**Task to carry out**
Output exactly, in the material below, the lines from the one with "Принцип работы солнечной батареи" through the one with "Foxtrot exterior". Omit all pictures.

**Recorded data**

---*---

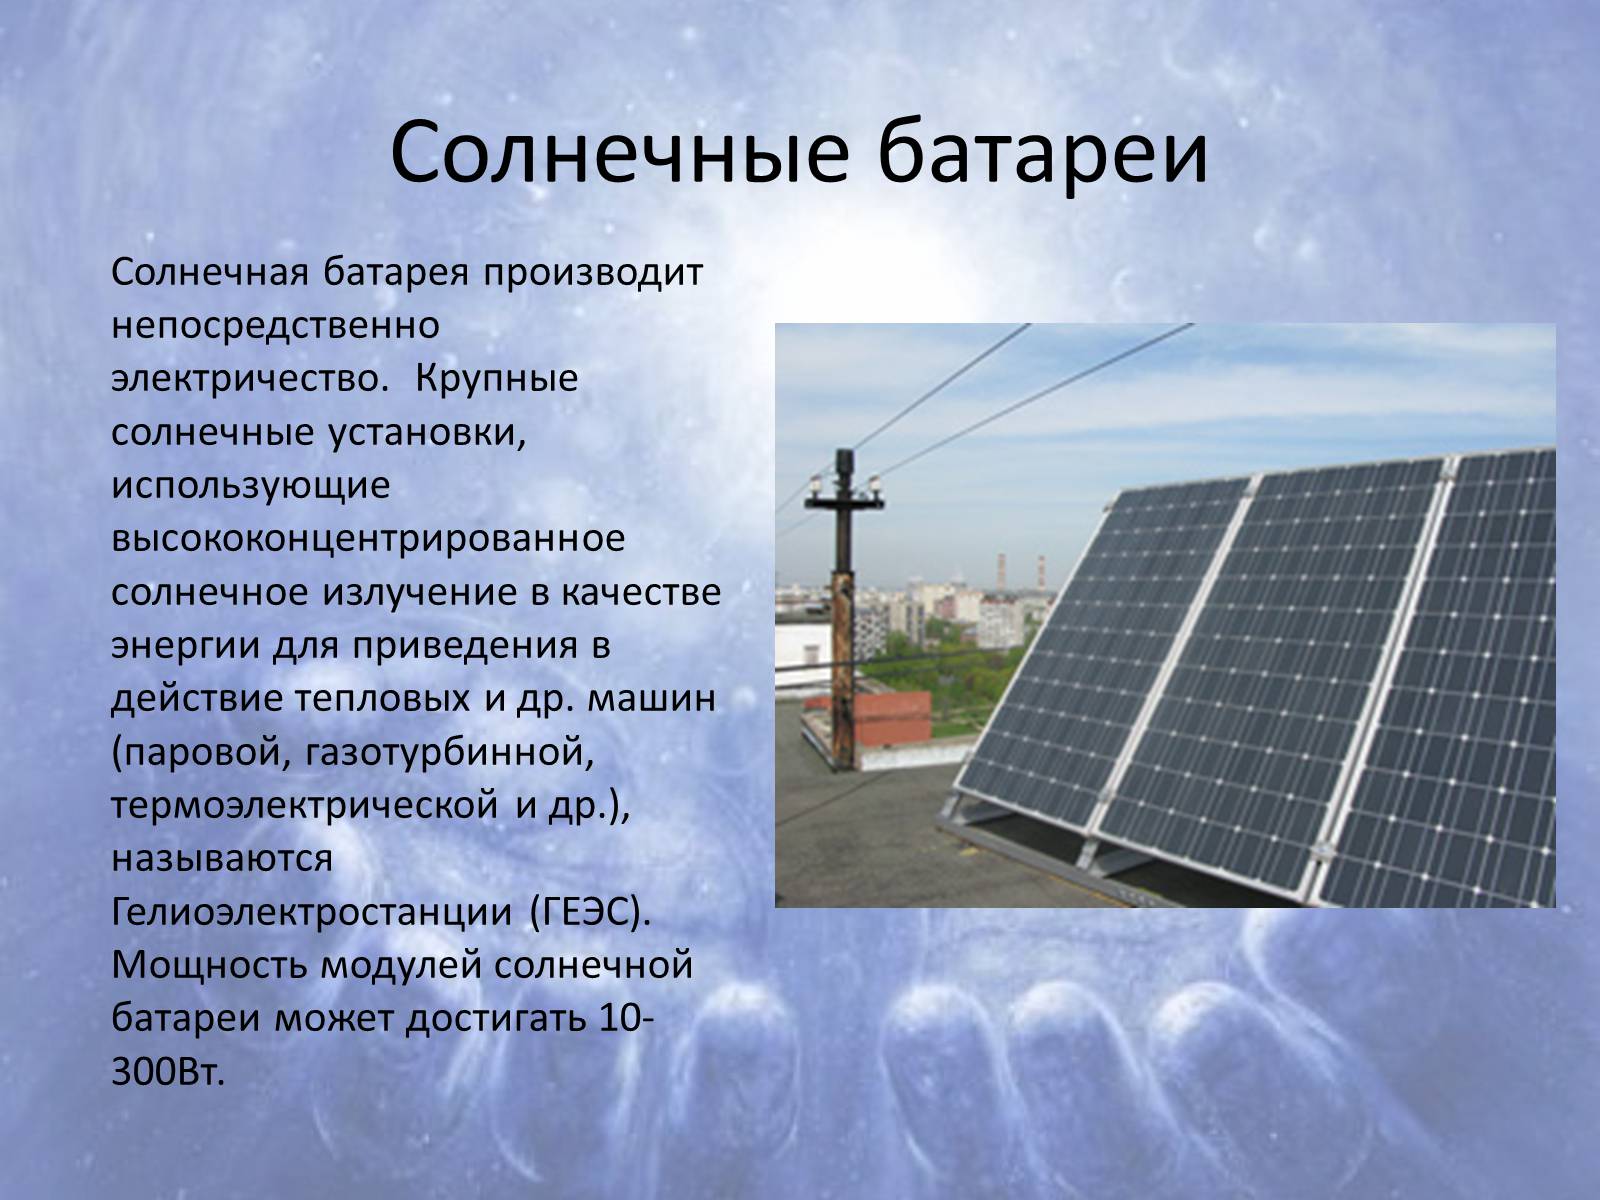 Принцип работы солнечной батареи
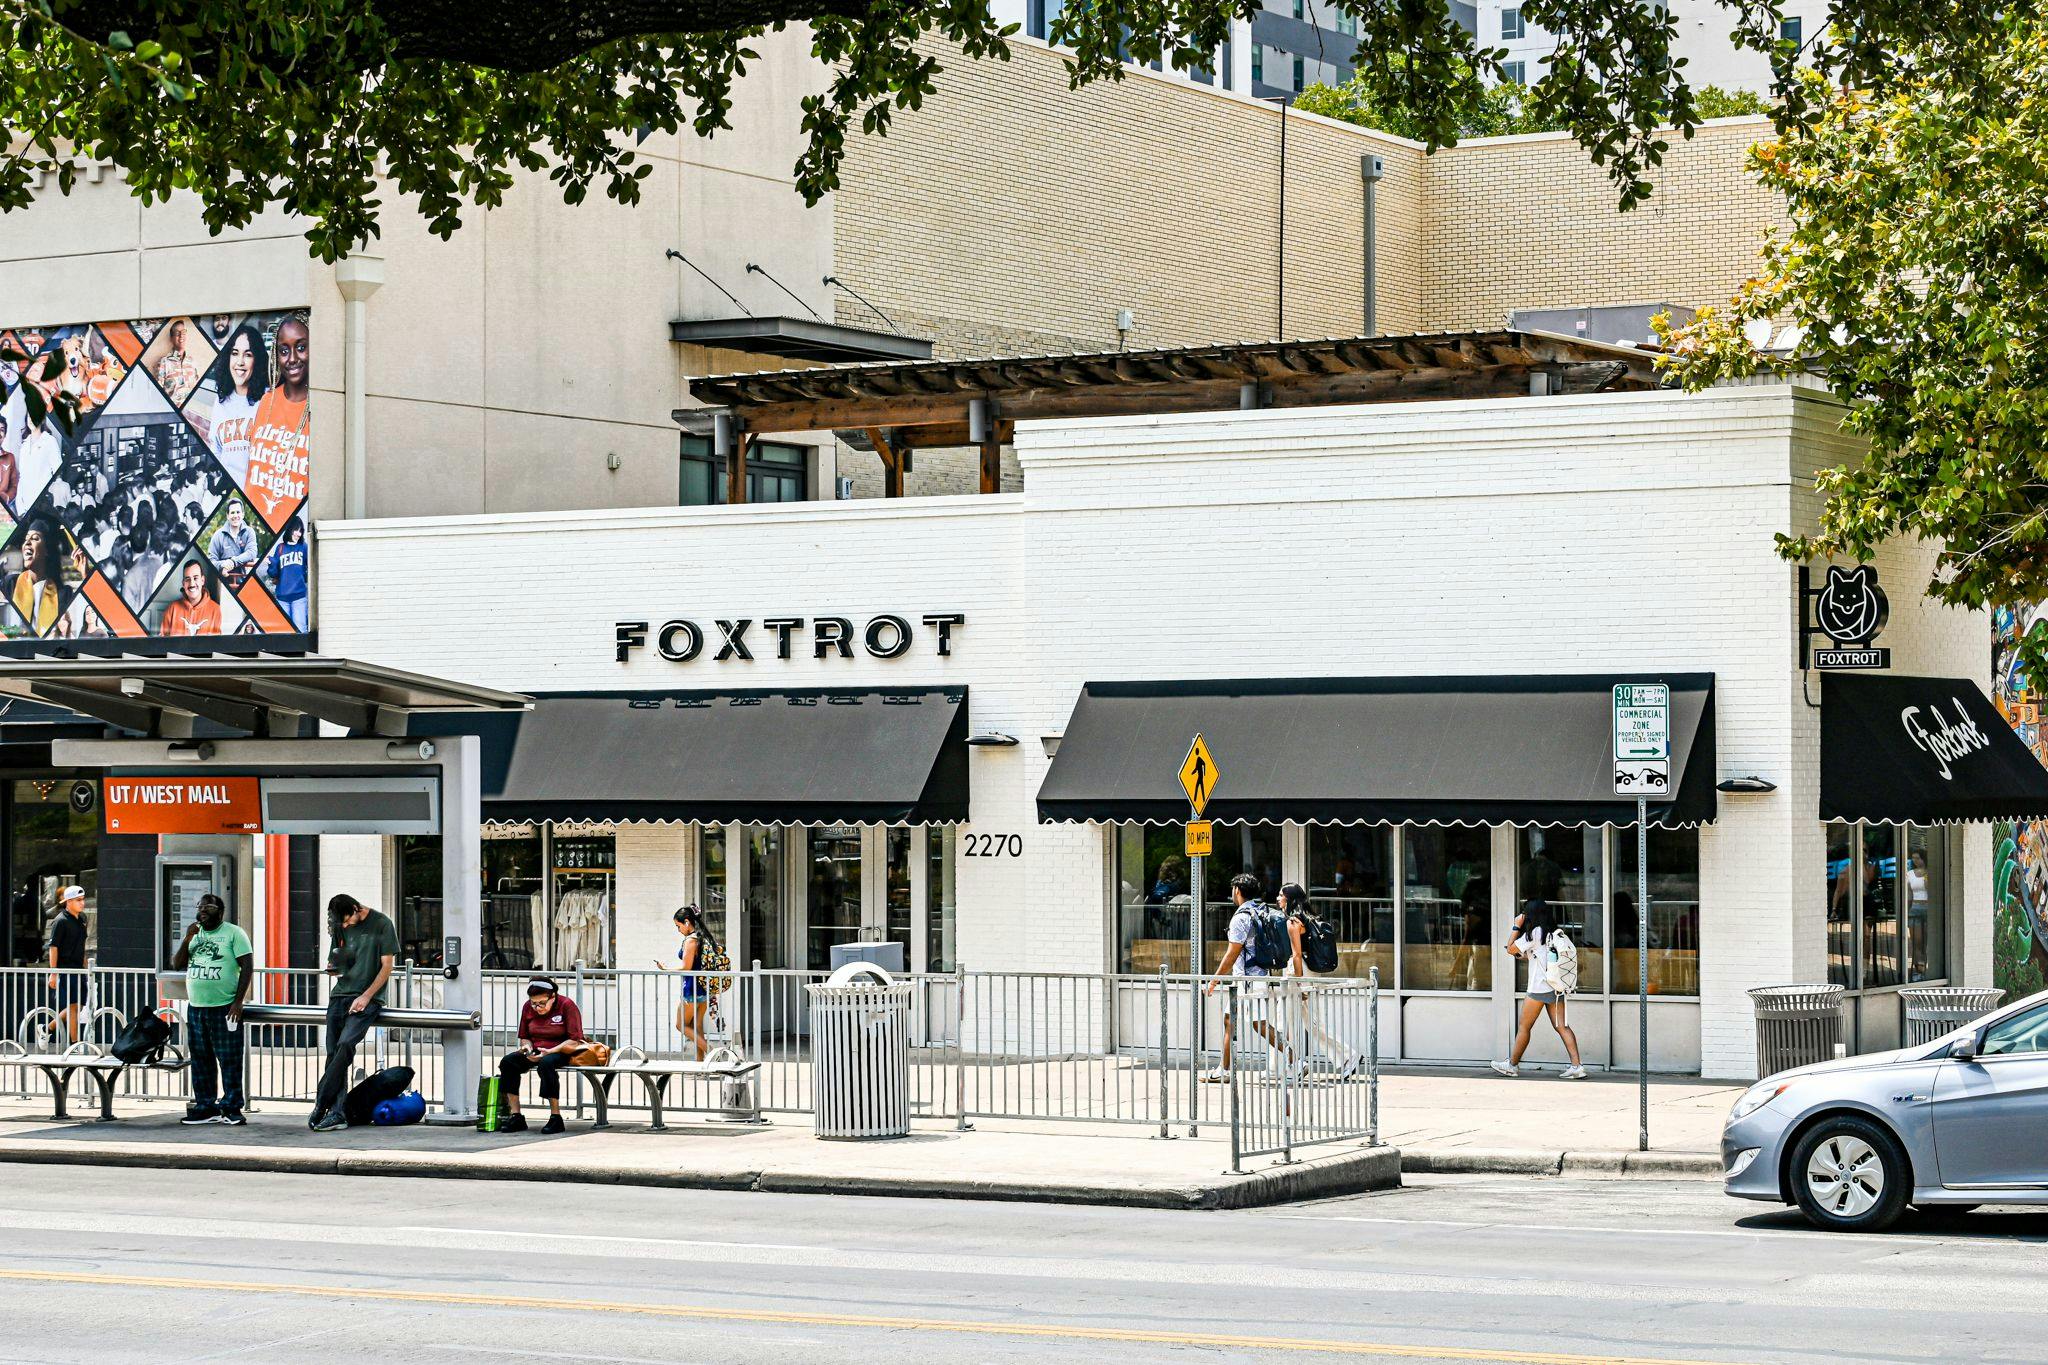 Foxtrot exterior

---*---

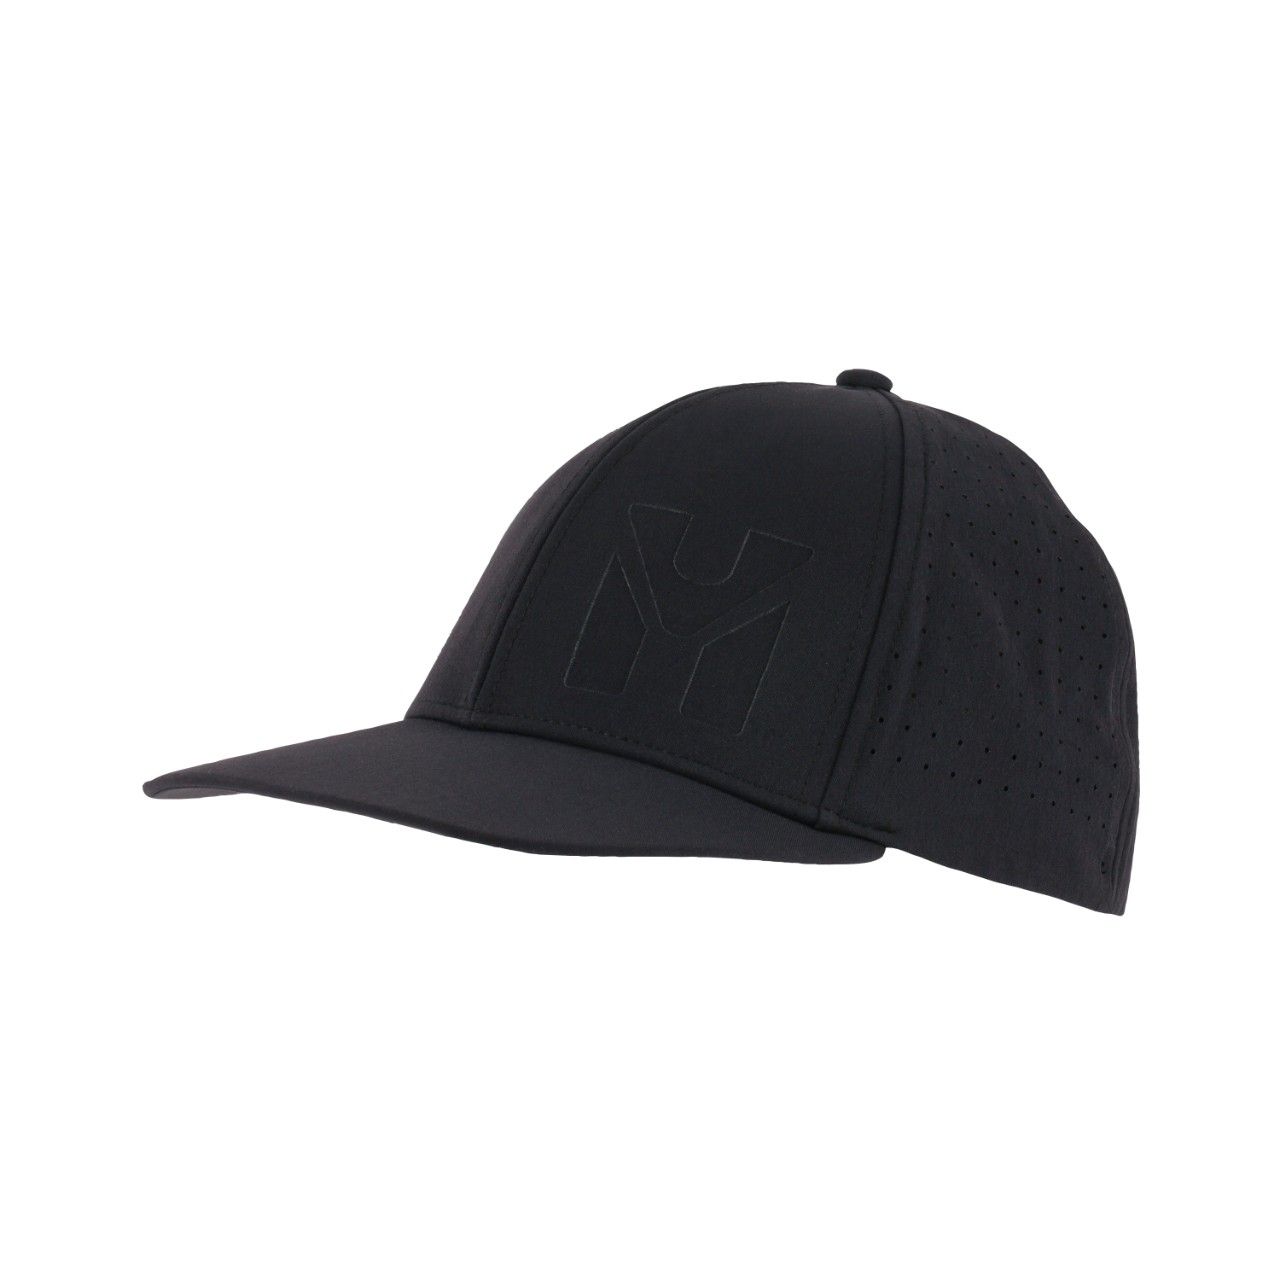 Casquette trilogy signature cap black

---*---

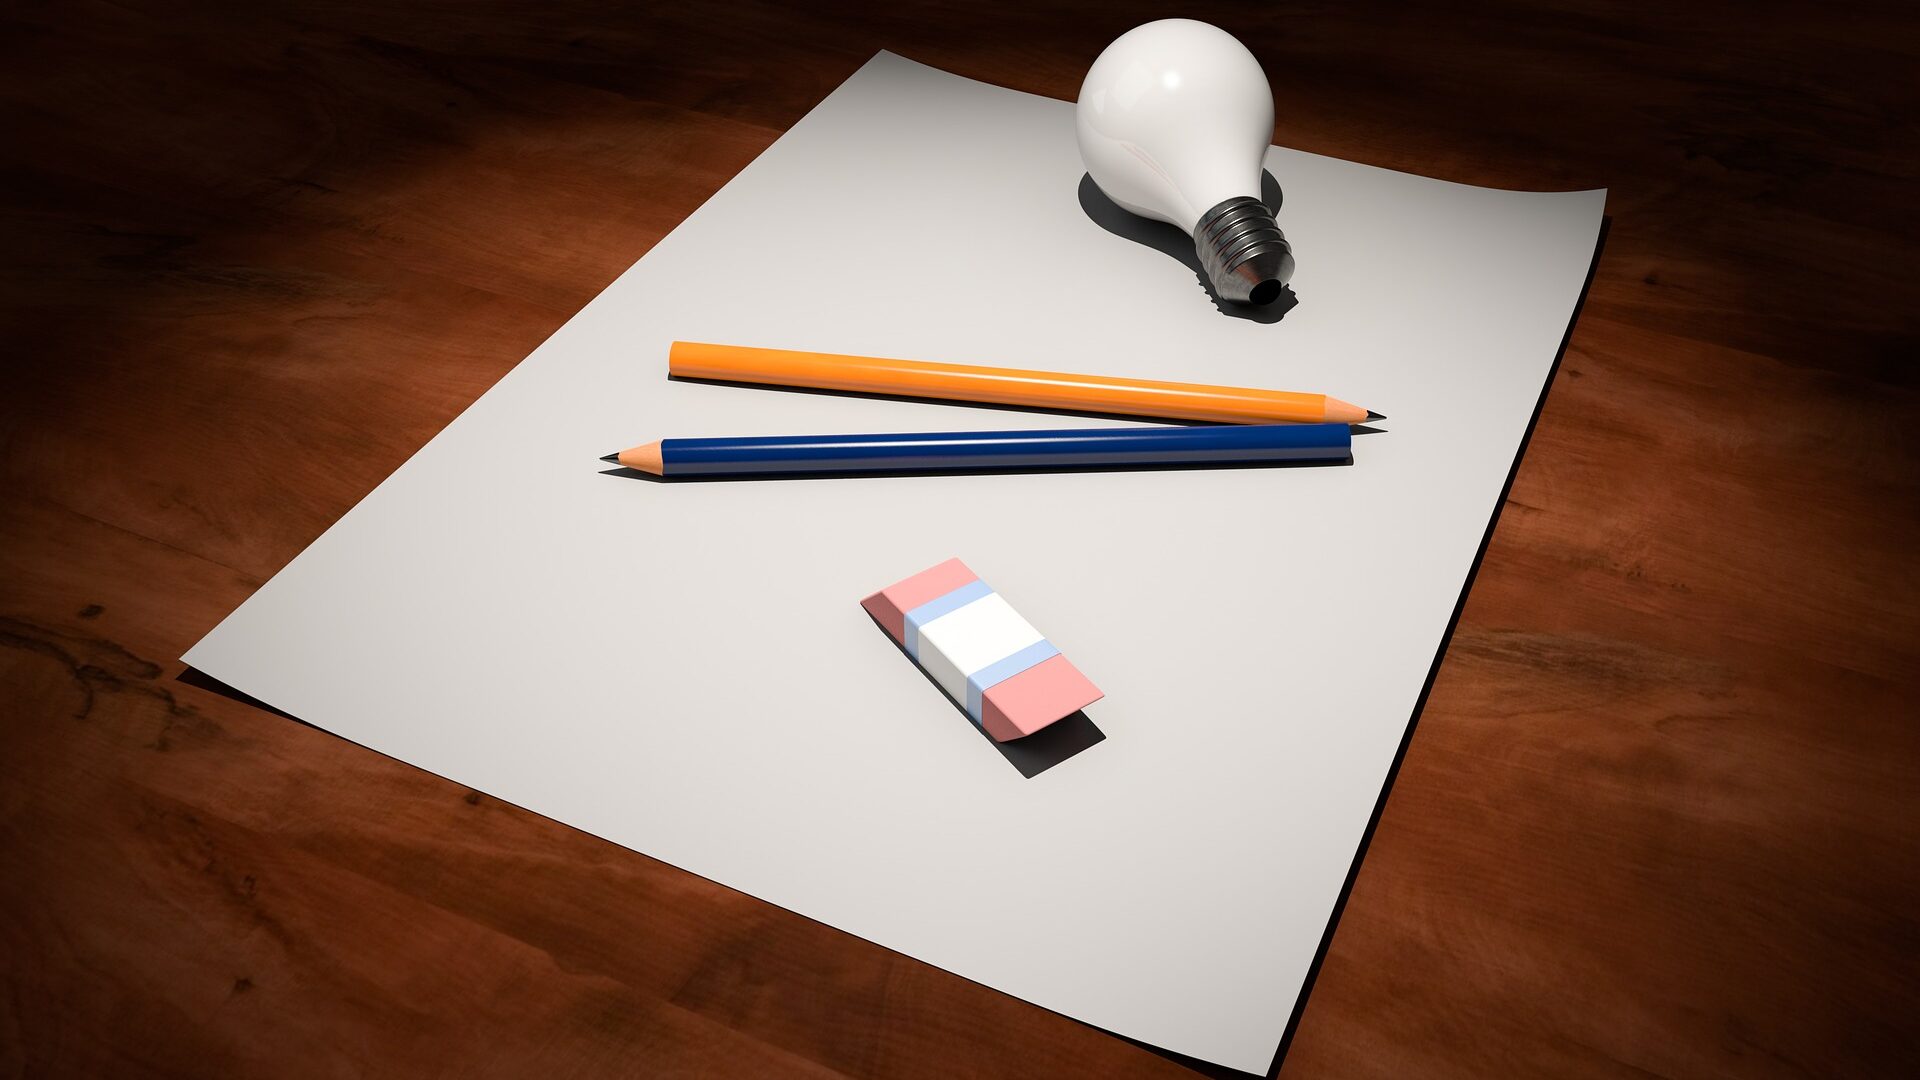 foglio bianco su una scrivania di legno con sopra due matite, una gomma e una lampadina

---*---

**Exercise result**
 Принцип работы солнечной батареи
 Foxtrot exterior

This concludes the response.